US20100205184A1

US20100205184A1 - Using specificity measures to rank documents

Info

Publication number: US20100205184A1
Application number: US12/368,932
Authority: US
Inventors: Tomasz MARCINIAK; Yoel David Marson
Original assignee: Yahoo Inc until 2017
Current assignee: Yahoo Inc
Priority date: 2009-02-10
Filing date: 2009-02-10
Publication date: 2010-08-12

Abstract

A method of ranking documents by specificity values includes specifying a reference set of documents, each document including one or more terms, and specifying a first document that includes one or more terms that are included in the reference set of documents. The method includes determining, from the reference set of documents, one or more term-specificity values for the one or more terms of the first document by calculating frequencies of terms within the reference set of documents, wherein a larger term-specificity value corresponds to a lower likelihood relative to the reference set of documents, and determining a document-specificity value for the first document by combining the one or more term-specificity values for the first document, wherein larger term-specificity values correspond to a larger document-specificity value.

Description

BACKGROUND OF THE INVENTION

1. Field of Invention
The present invention relates to ranking documents generally and more particularly to ranking documents according a specificity measure of the documents.
2. Description of Related Art
User-driven Internet portals such as Q/A (Question/Answer) sites and discussion forums often display recent contributions of their users on the front pages (e.g., recently asked questions, new discussion threads/topics, etc.).
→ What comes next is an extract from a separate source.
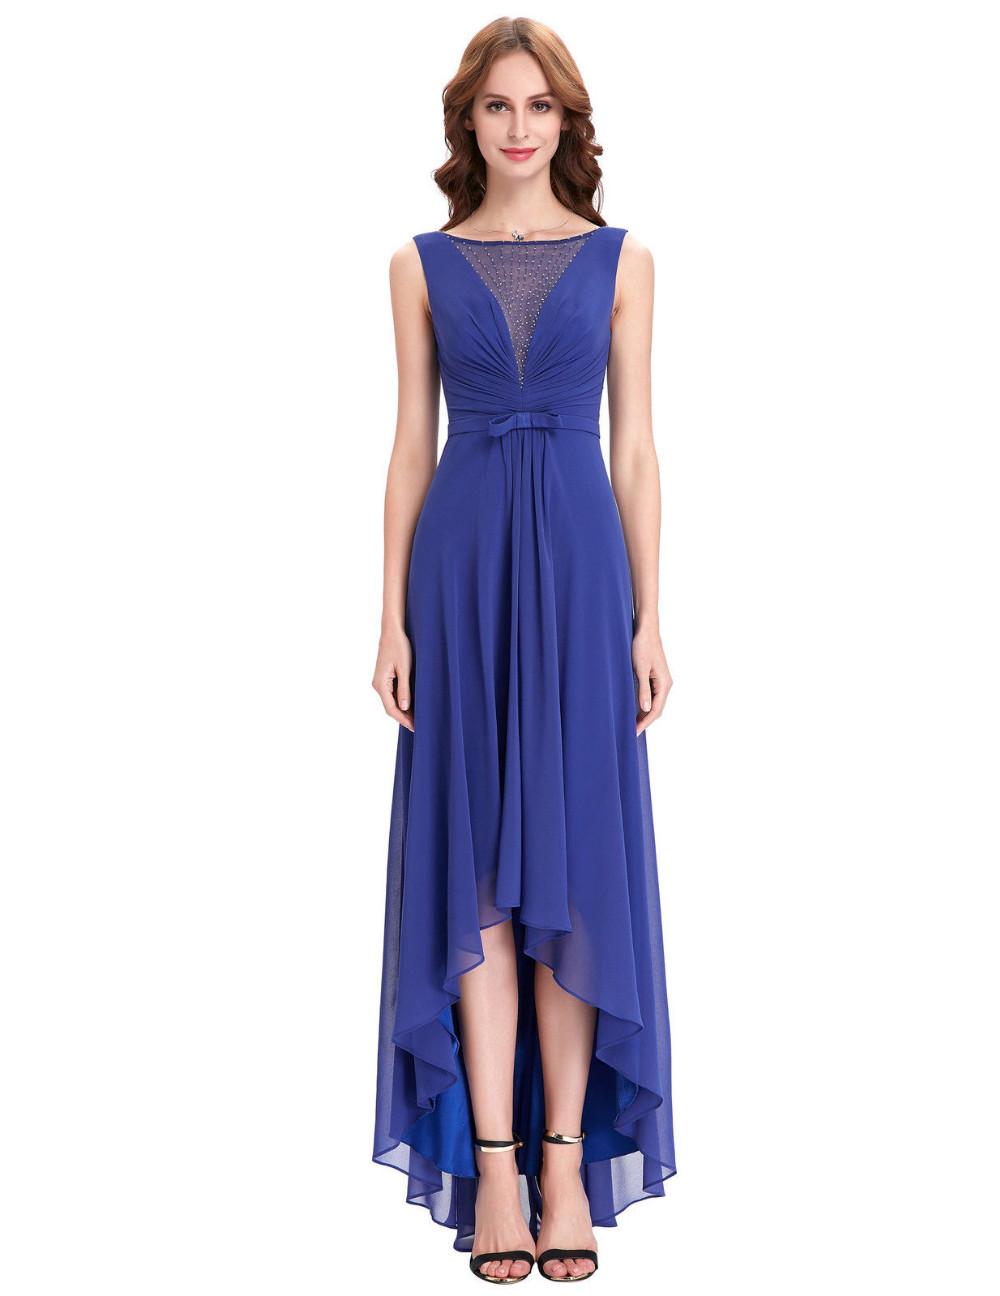 High Low Royal Blue Chiffon Short Front Long Back Bridesmaid Dress 1

A specific example is the Y! Answers site that is supported by Yahoo! A common goal for these sites is to attract other users' attention and encourage them to contribute their responses.
Many sites serving UGC (User Generated Content) present the users' contributions in the reverse order of their submission (e.g., with most recent questions displayed on top) while others rely on costly manual selection of most interesting recent questions, opened threads, etc. In many cases when the contributions are presented in the order of submission, the top entries lack a specific focus that will attract other users' attention and prompt them to respond. Under these circumstances, an interesting contribution may be ignored because its presentation is unrelated to its distinctive qualities. Thus, there is a need for improved methods and related systems for ranking documents based on a measure of specificity that characterizes the distinctive qualities of the documents.

SUMMARY OF THE INVENTION

In one embodiment of the present invention, a method of ranking documents by specificity values includes specifying a reference set of documents, each document including one or more terms, and specifying a first document that includes one or more terms that are included in the reference set of documents. The method includes determining, from the reference set of documents, one or more term-specificity values for the one or more terms of the first document by calculating frequencies of terms within the reference set of documents, wherein a larger term-specificity value corresponds to a lower likelihood relative to the reference set of documents, and determining a document-specificity value for the first document by combining the one or more term-specificity values for the first document, wherein larger term-specificity values correspond to a larger document-specificity value.
According to one aspect of this embodiment, one or more values for the document-specificity value of the first document can be saved in a computer-readable medium. For example, the document specificity value can be saved directly or through some related characterization in memory (e.g., RAM (Random Access Memory)) or permanent storage (e.g., a hard-disk system).
According to another aspect, the method may further include calculating term specificity values for terms in the reference set of documents as inverse document frequency values relative to the reference set of documents by comparing a number of documents including each term to a total number of documents.
According to another aspect, the method may further include calculating the document-specificity value for the first document as a non-negative arithmetic combination of the corresponding term specificity values.
According to another aspect, determining the document-specificity value for the first document may include calculating a norm of a vector that includes the corresponding term-specificity values.
According to another aspect, the reference set of documents may include the first document.
According to another aspect, the method may further include specifying a plurality of input documents that include one or more terms that are included in the reference set of documents, wherein the input documents include the first document. The method then includes: determining, from the reference set of documents, one or more term-specificity values for the one or more terms of each input document; and determining, from the one or more term-specificity values for each input document, a document-specificity value for each input document. Then a rank ordering of the input documents corresponding to an ordering of the document-specificity values of the documents can be determined, and one or more values for the rank ordering can be saved in the computer-readable medium.
Additional embodiments relate to an apparatus for carrying out any one of the above-described methods, where the apparatus includes a computer for executing instructions related to the method. For example, the computer may include a processor with memory for executing at least some of the instructions. Additionally or alternatively the computer may include circuitry or other specialized hardware for executing at least some of the instructions. Additional embodiments also relate to a computer-readable medium that stores (e.g., tangibly embodies) a computer program for carrying out any one of the above-described methods with a computer.
In these ways the present invention enables improved methods and related systems for ranking documents based on a measure of specificity that characterizes the distinctive qualities of the documents.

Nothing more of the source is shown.